Michael,
I take some issue with Sandefur:
And in a theoretical sense, it's certainly true that a society that respects no rights cannot demand respect for its rights. The problem is that this was not the case ...
That's an unsupported claim. There is evidence that the Cherokee in Georgia were engaged in the civilization process, but it is an open question whether they actually respected individual rights -- due to them still having much tribalism and mysticism. I have yet to see or hear of a Cherokee law regarding individual property rights, for instance.
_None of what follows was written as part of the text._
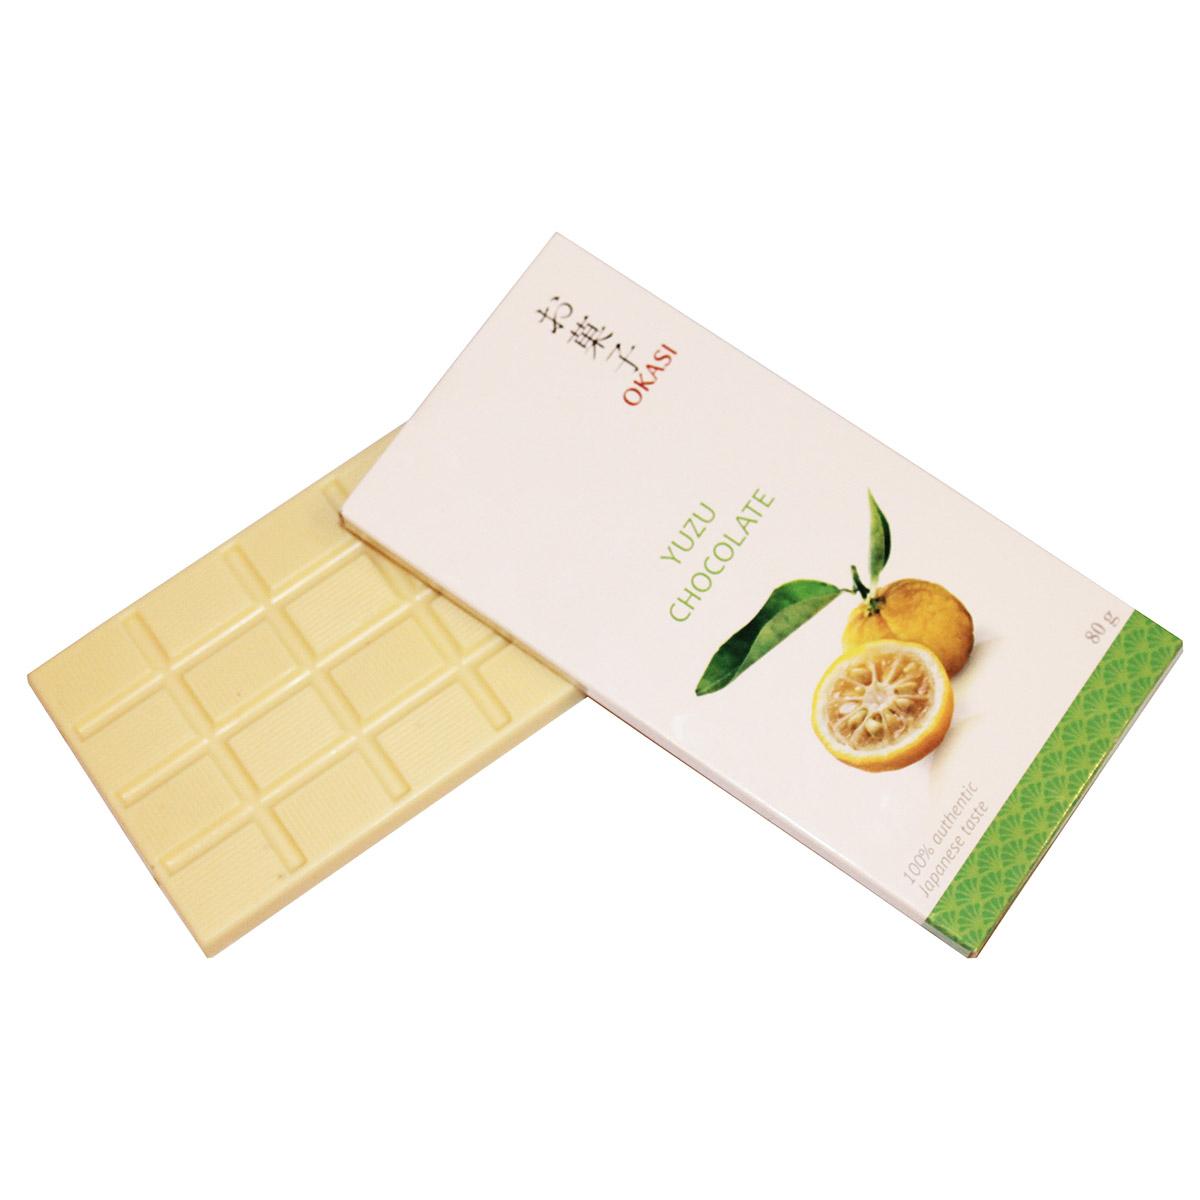 Шоколад Okasi с юдзу, плитка, 80 г alpen gold шоколад белый с миндалем и кокосовой стружкой 90 г

To their credit In the Supreme Court case, Cherokee Nation v. Georgia, the Cherokee plaintiffs argued that if they were removed from Georgia to the west (of the Mississippi river?), then other tribes would kill them, because that's just what American Indian tribes did -- they brutally and mercilessly exterminated each other:
The place to which they removed under this last treaty is said to be exposed to incursions of hostile Indians, and that they are
engaged in constant scenes of killing and scalping, and have to wage a war of extermination with more powerful tribes, before whom they will ultimately fall.
http://www.law.cornell.edu/supct/html/historics/USSC_CR_0030_0001_ZS.html
So, the Cherokee in Georgia were scared to move west, because they had heard about the "hostile Indians" there. This doesn't prove that they weren't, themselves, hostile (or rights-violating), it just proves that they did not want to leave an area that was safer (because it was more civilized).
Let me try a hypothetical. Let's say, as a thought experiment, let's say that the Cherokee in Georgia had a law that said: "If you disrespect an elder once, you get tortured, and if you do it again, you get hanged." Let's say that they had this law, this rights-violating law. Now, assuming that they had this law, what moral ground would they be on in order to argue against coming under the potentially more-civilized laws of Georgia?
And if they had laws like that, then wouldn't it be moral to deny or disparage their tribal sovereignty?